Nothing should appear in the answer except the lines below from the line containing "Happy birthday mukteshwar bhai brother bro" through the line containing "Основные элементы и", copied exactly, with pictures left out.

START DATASET RECORDS

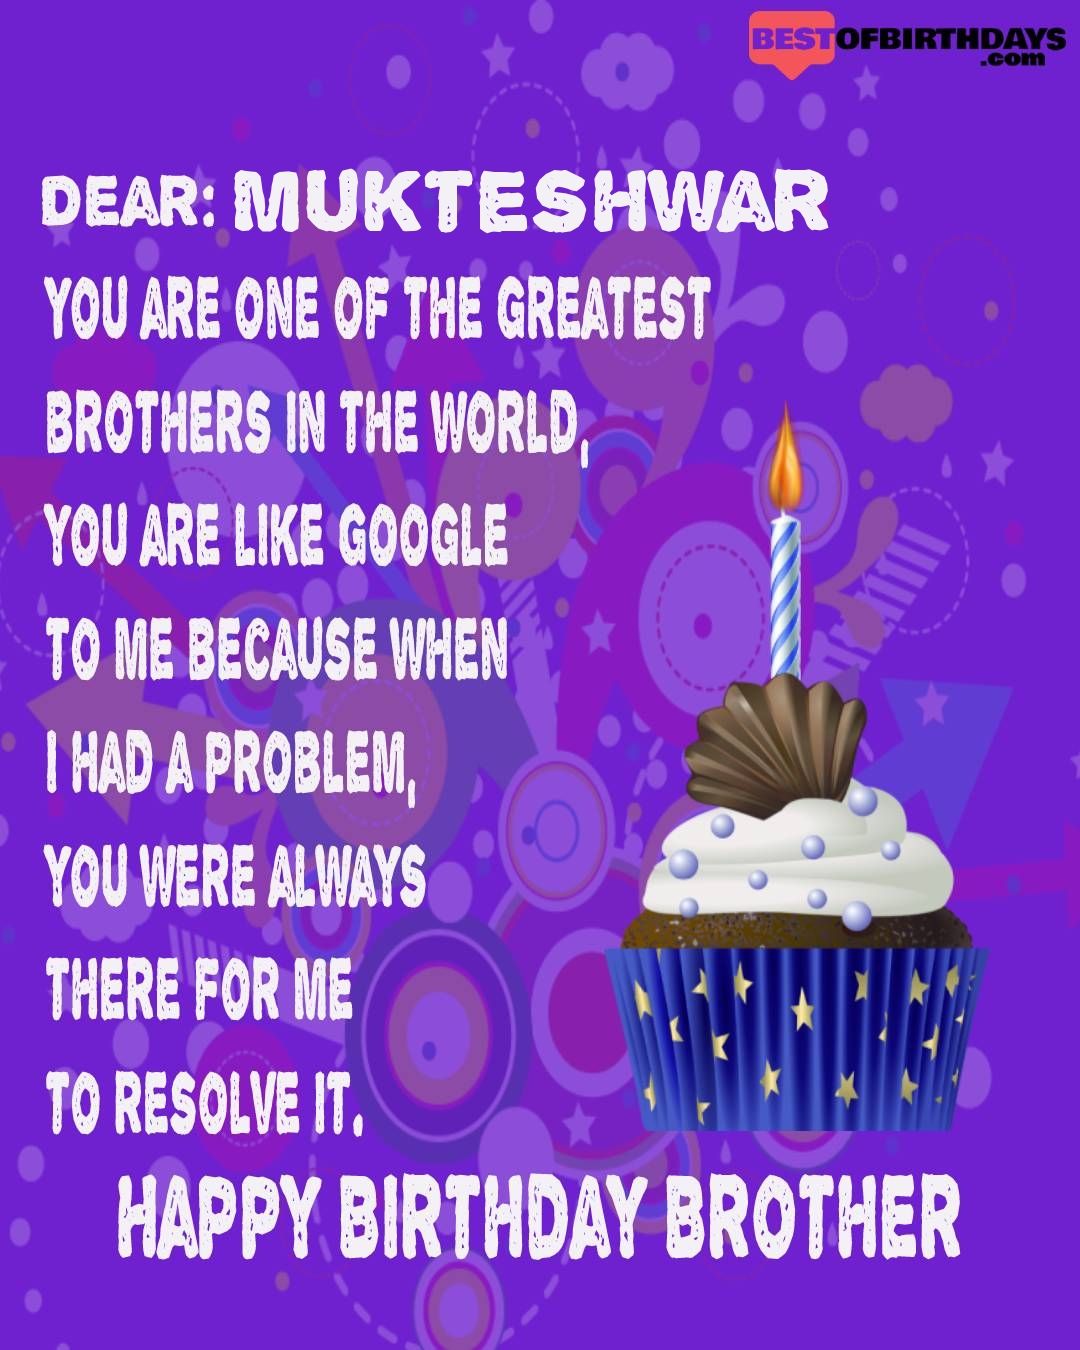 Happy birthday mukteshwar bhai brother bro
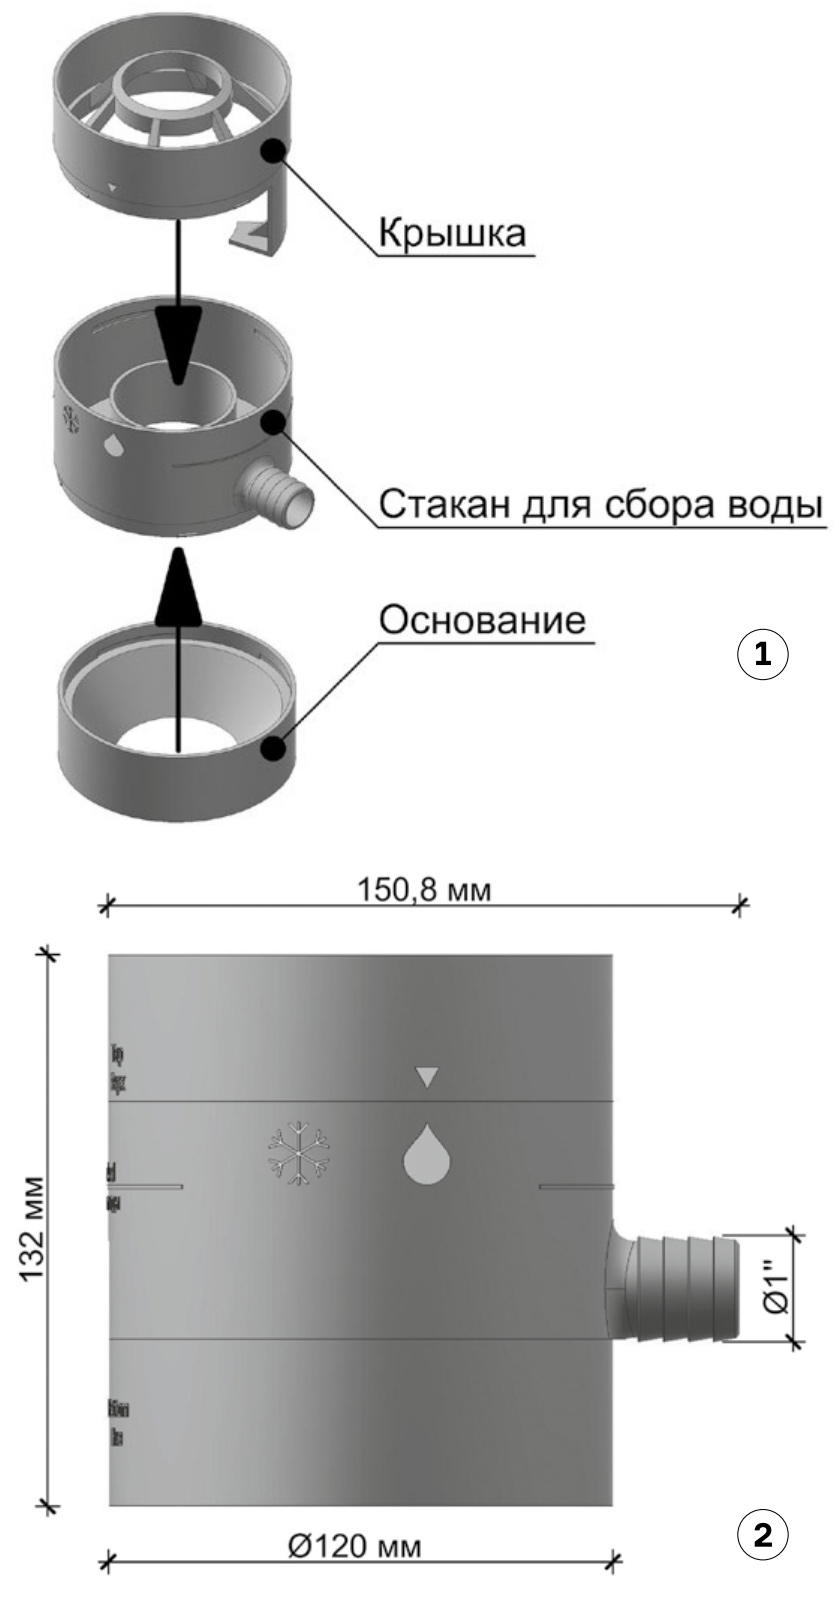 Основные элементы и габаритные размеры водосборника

END DATASET RECORDS
START DATASET RECORDS

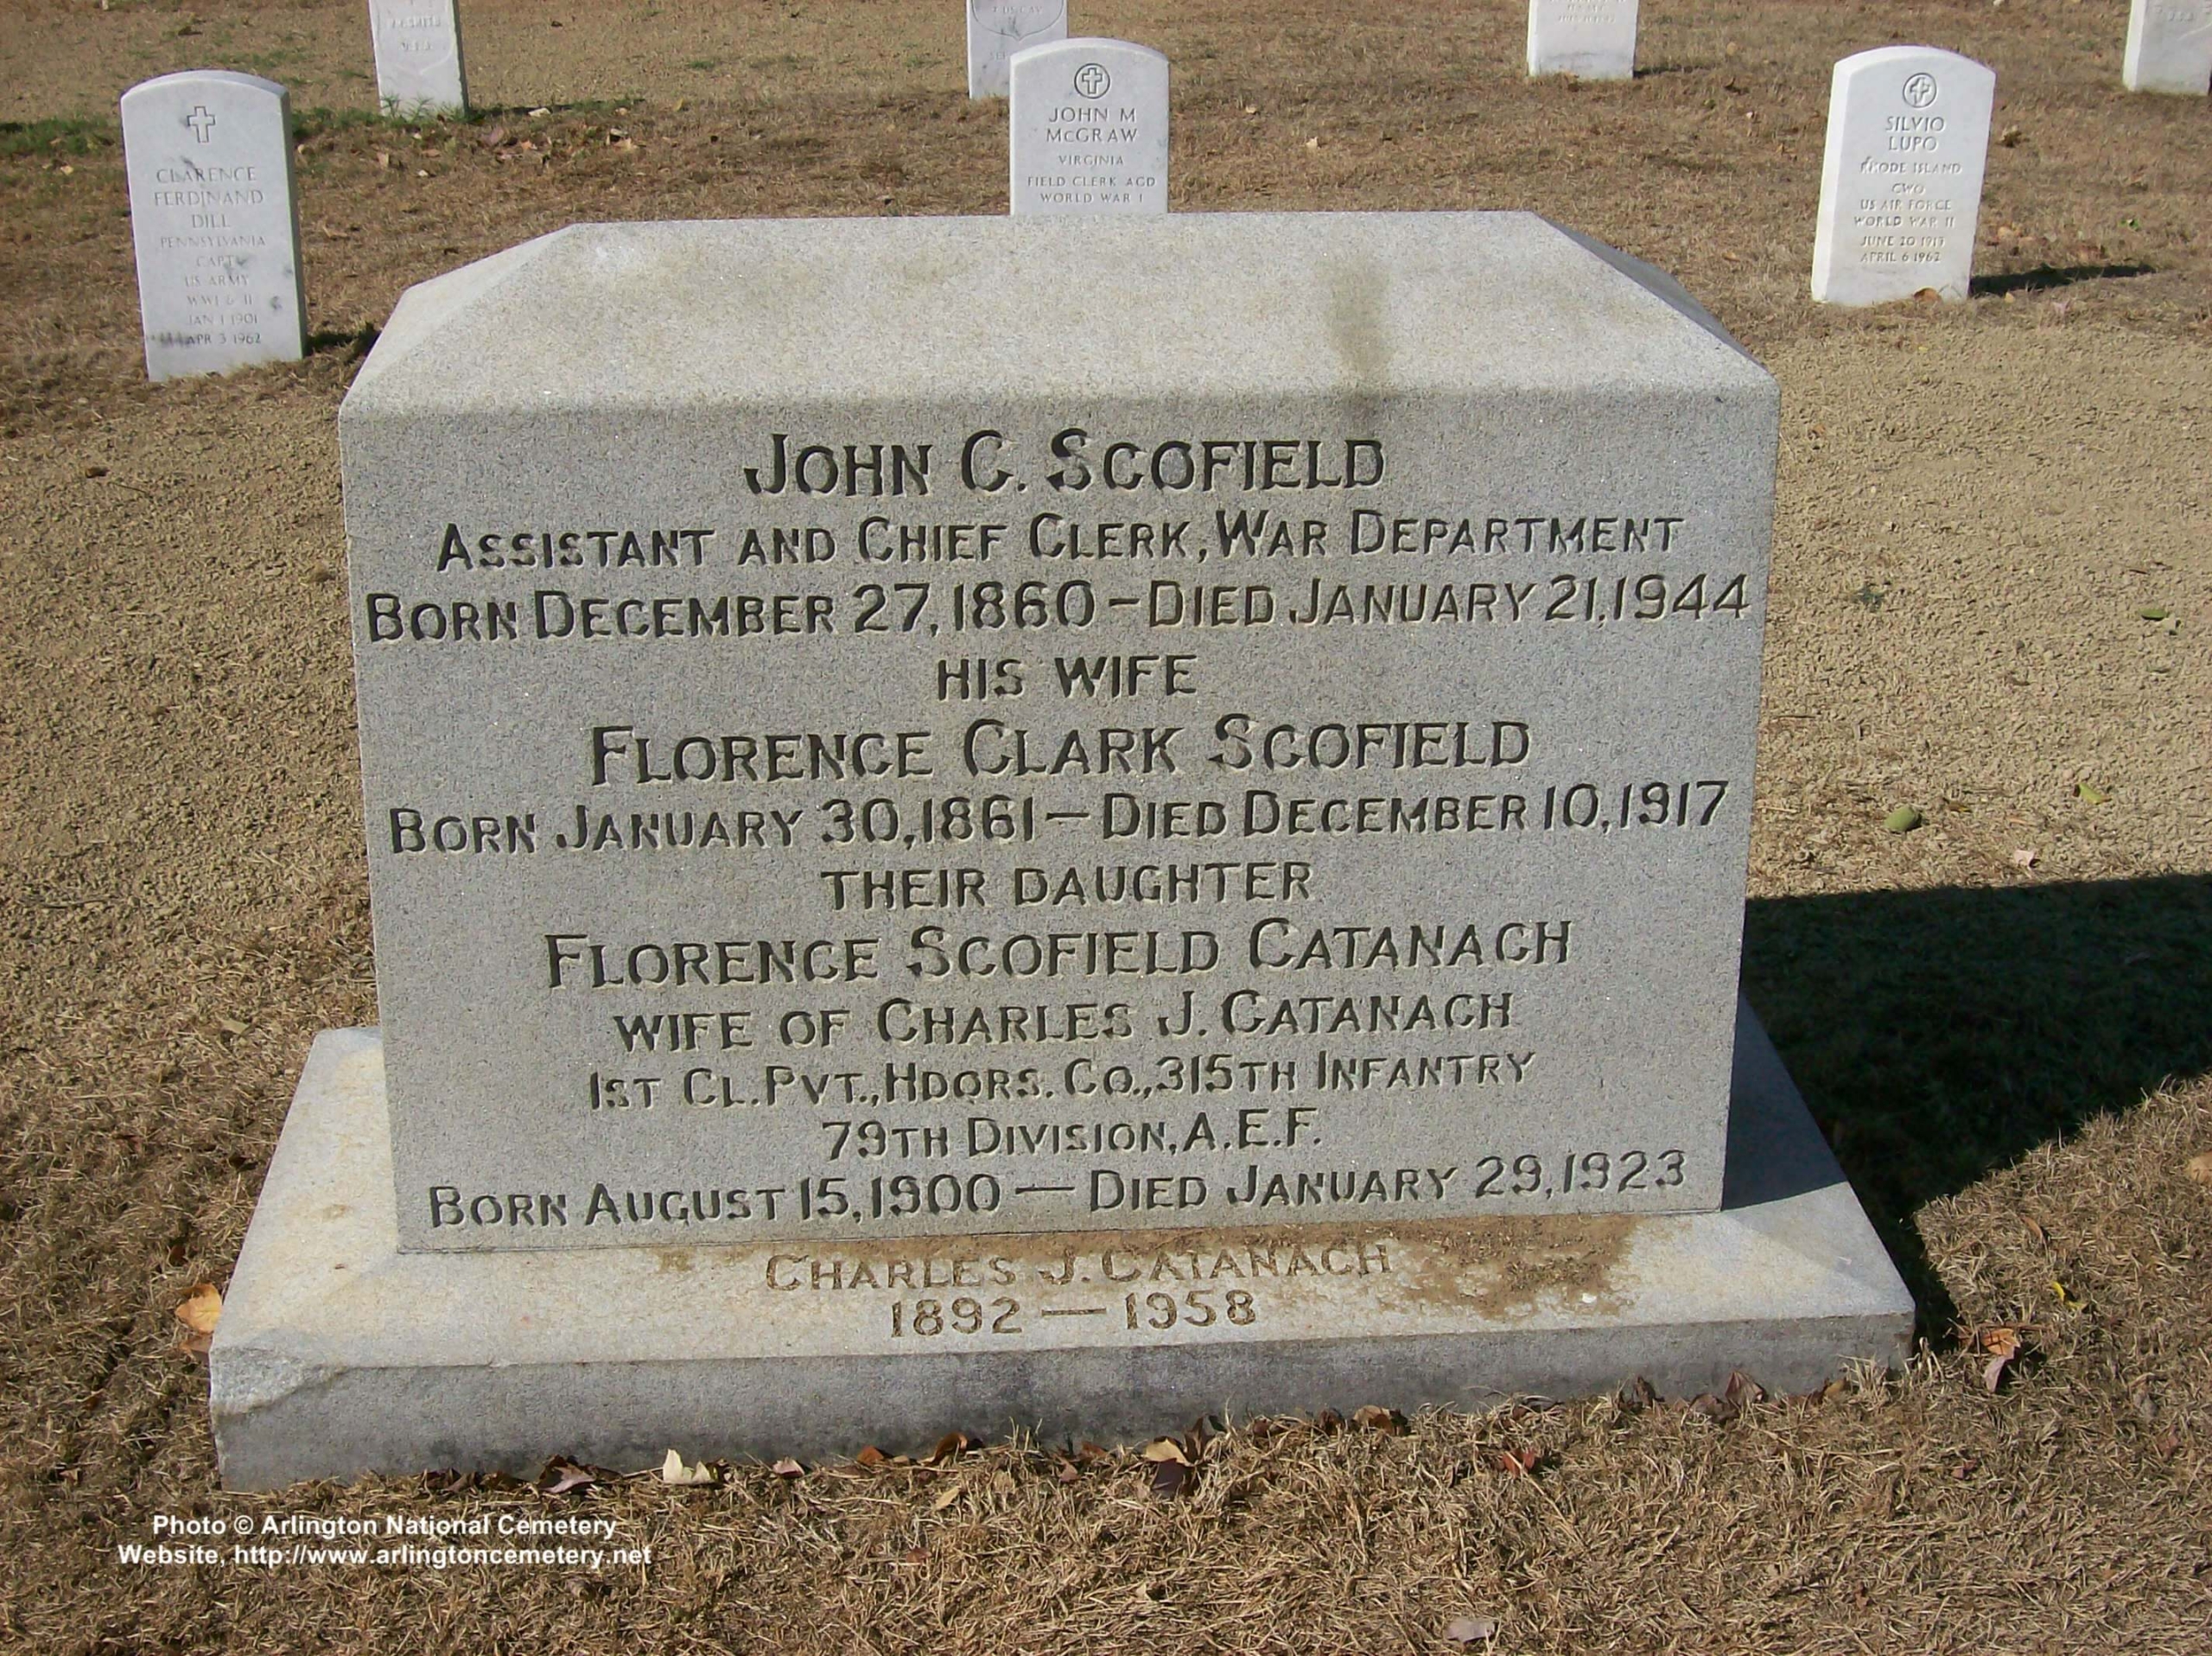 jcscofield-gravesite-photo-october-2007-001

END DATASET RECORDS

▶ [ANSWER]
 Happy birthday mukteshwar bhai brother bro
 Основные элементы и габаритные размеры водосборника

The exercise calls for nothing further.